Maybe she had expected to see Paltiel Rubin's scrawl, but the handwriting was unmistakably my father's: the same angular aleph, the curling lammed, the down-thrusting gimmel. The pages had probably been torn from a copybook similar to the ones I later used in Har Nevo school--similar to the one in which I am writing now.
A bulky shape in blue-white pajamas appeared in the kitchen door. Ehud.
He looked at Ruthy, rubbing his eyes, then at me. "What you guys doing?"
"Reading the play," Ruthy said. "Come, Uddy, sit here. Move a little, Dada. Let him see, too."
Ehud sat slowly down. "How you feeling?"
"Okay."
I kept my head low and aligned the pages with my fingertips; I felt a slight tingle, as if I had just touched a live electrical wire, or toggled a pencil-knife's safety off.
I turned the first page.
The Debba
, it said. No name of author, no date.
Without further ado we began to read.
It was a play in four acts, taking place in the thirties or forties, but written in flowery, turn-of-the-century prose. The first act presents Yissachar HaShomer, the Sentinel. Yissachar is a farmer by day and a sentinel by night, when he must guard the fields against the marauding animals of Eretz Yisrael, who consider the land theirs.
The play begins with Yissachar plowing his field, Bible in hand, against the backdrop of Mount Gilbo'a.

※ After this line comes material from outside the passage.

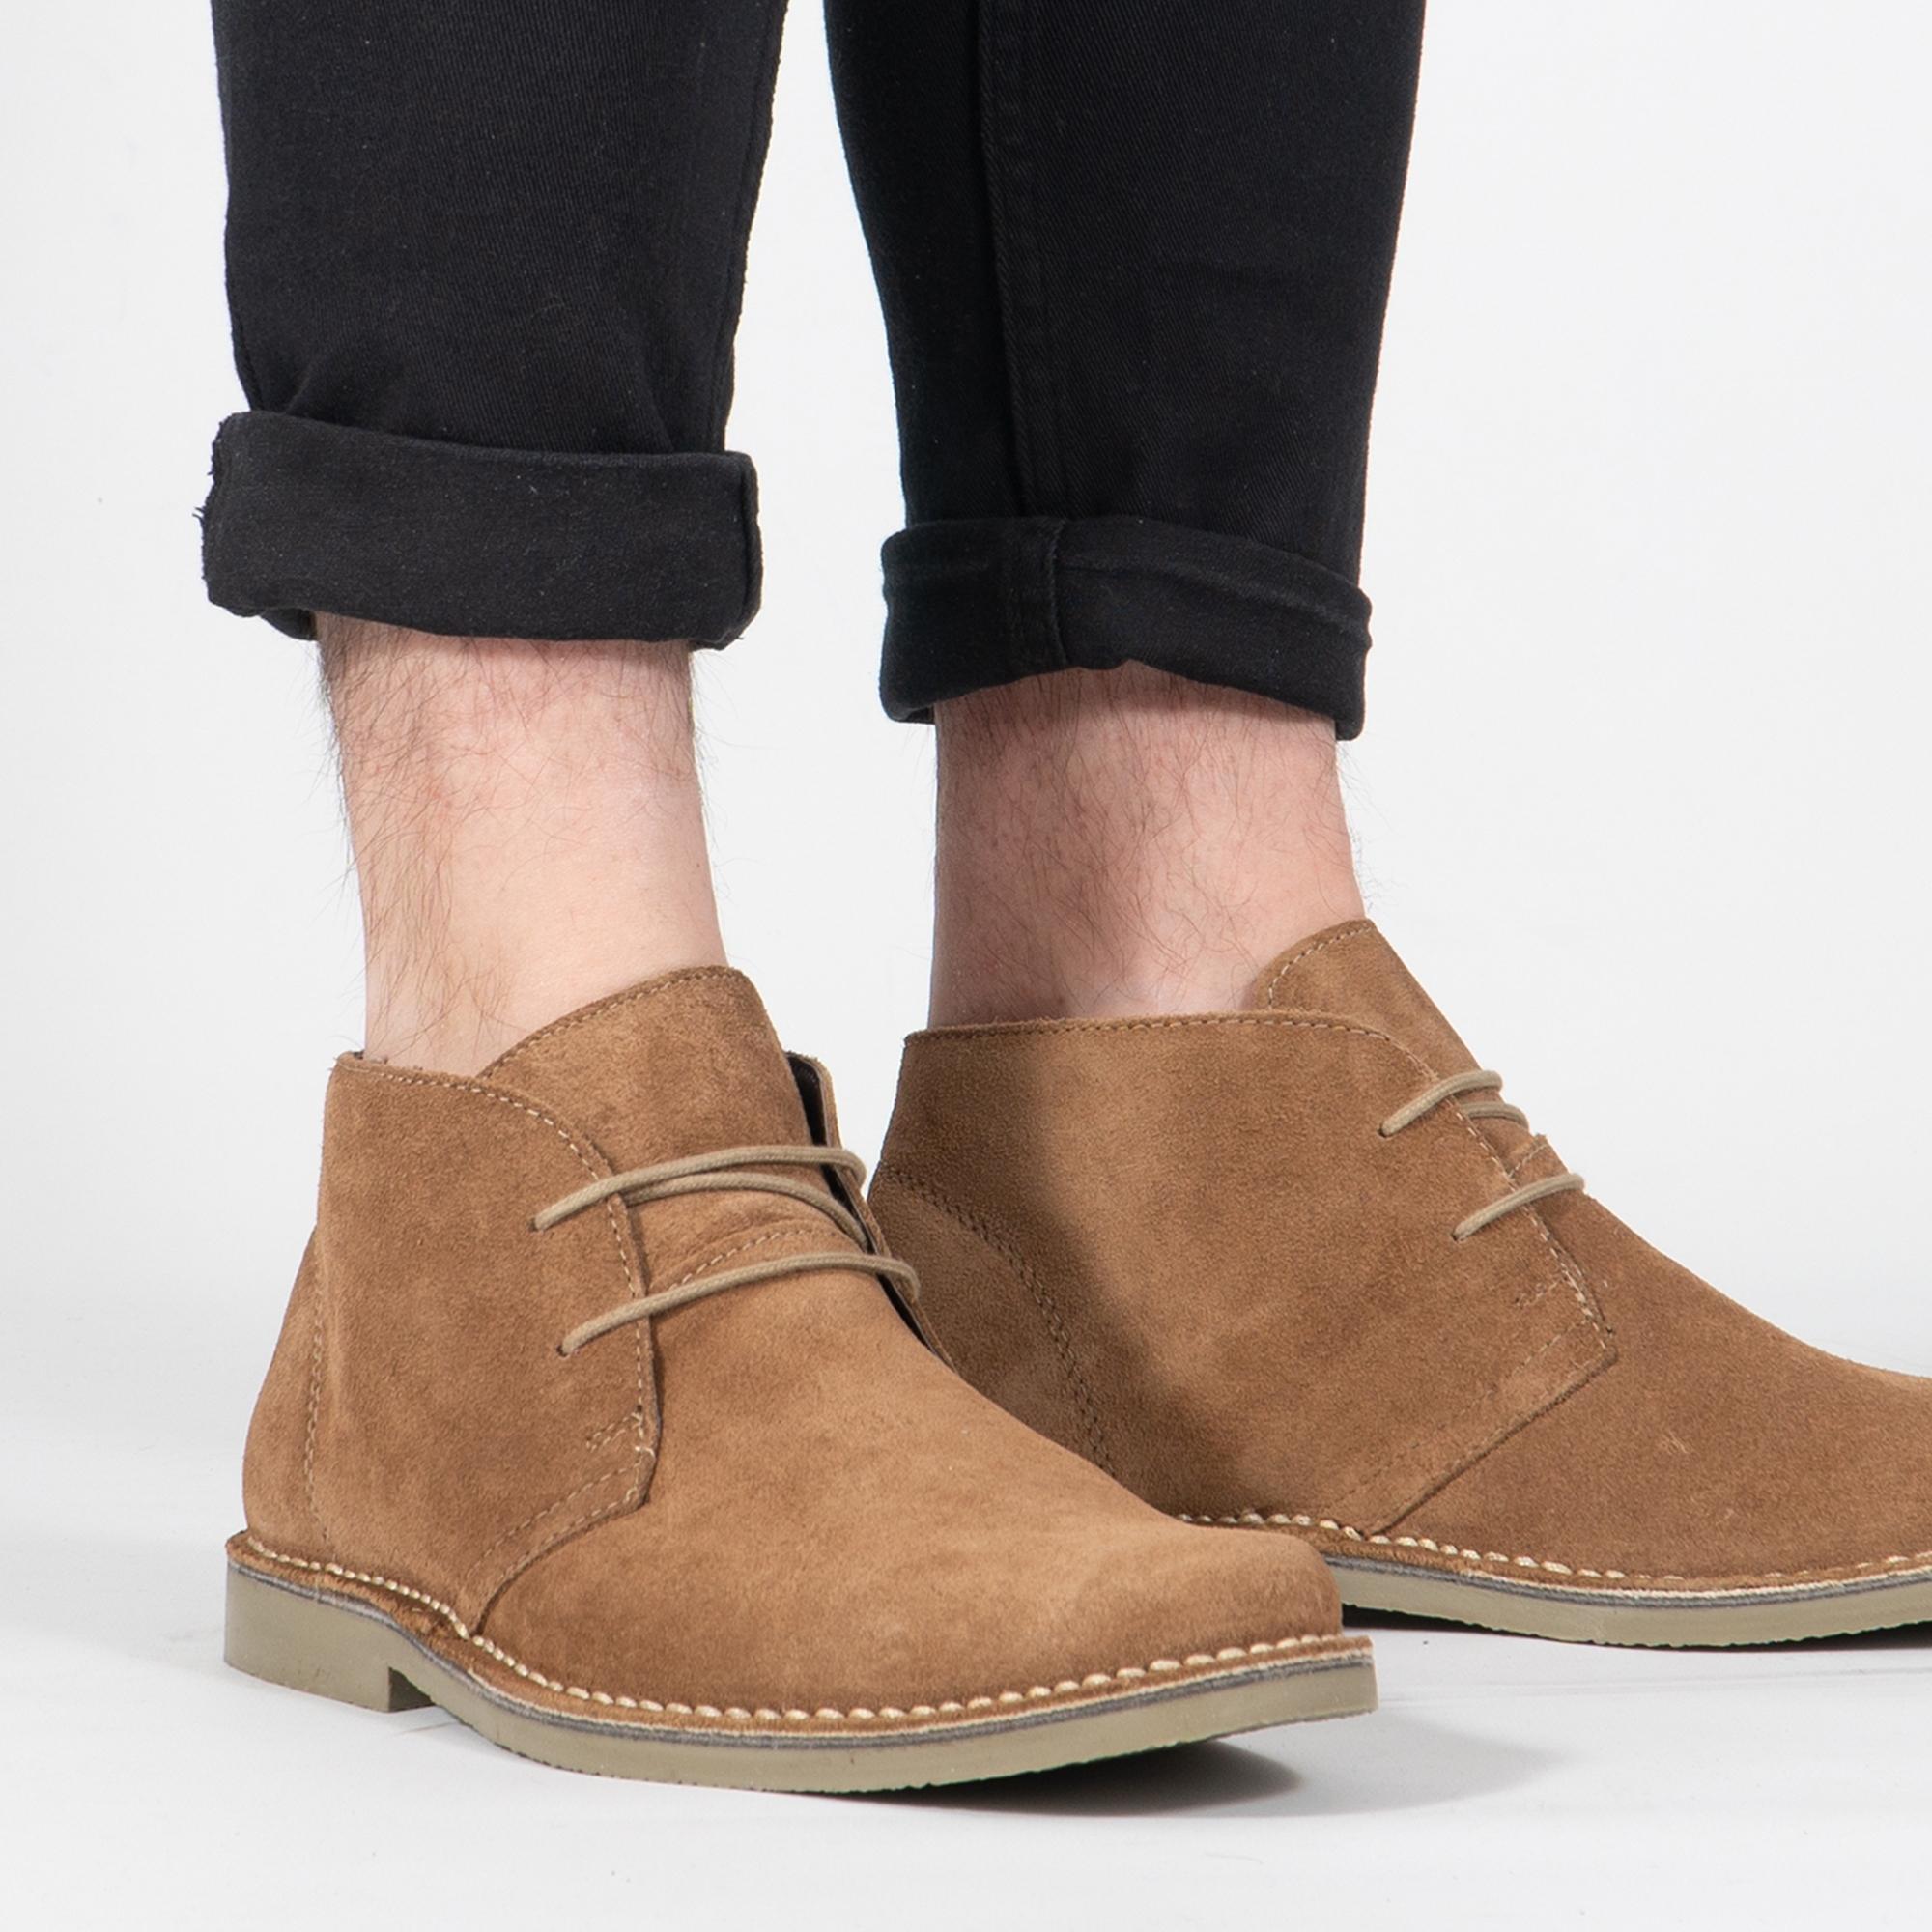 Roamers JIM Mens Sand Desert Boots

When Yissachar's horse dies in harness, he sings to it a song of mourning ("O friend and companion, on whose back I rode in my ancestors' fields, who plowed with me the bosom of my motherland").
Behind a rock lurks the Debba, an enigmatic Arab hyena that can walk like a man. The Debba has been charmed out of its lair by Yissachar's song, and by his voice.
When Yissachar has finished singing, the Debba uncurls and turns into a giant of a man, offering to pull Yissachar's plow in place of the horse.
"You have charmed me, O son of man," says the stranger in the striped blue-black
abbaya
, "against my will you have turned me from all I know; against my will I shall help you cut the furrows of my cradle, this land."
While he pulls at the plow he tells Yissachar stories of the birds and the beasts, and Yissachar tells him of his ancestors, and of his new wife, Sarah. They then sing a song of friendship and the Debba reveals to Yissachar the secret of his lair.
"Come to me, son of man," he sings to him, "tonight, so I can teach you how to speak with all the beasts, sing with the birds."
Once again, the two sing a song of friendship, and Yissachar promises to visit the Debba, whose secret dwelling he now knows.
When the sun sets, the Debba prepares to slink off into its lair, just as Yissachar's beautiful young bride enters, carrying a basket with food for her husband at his plow.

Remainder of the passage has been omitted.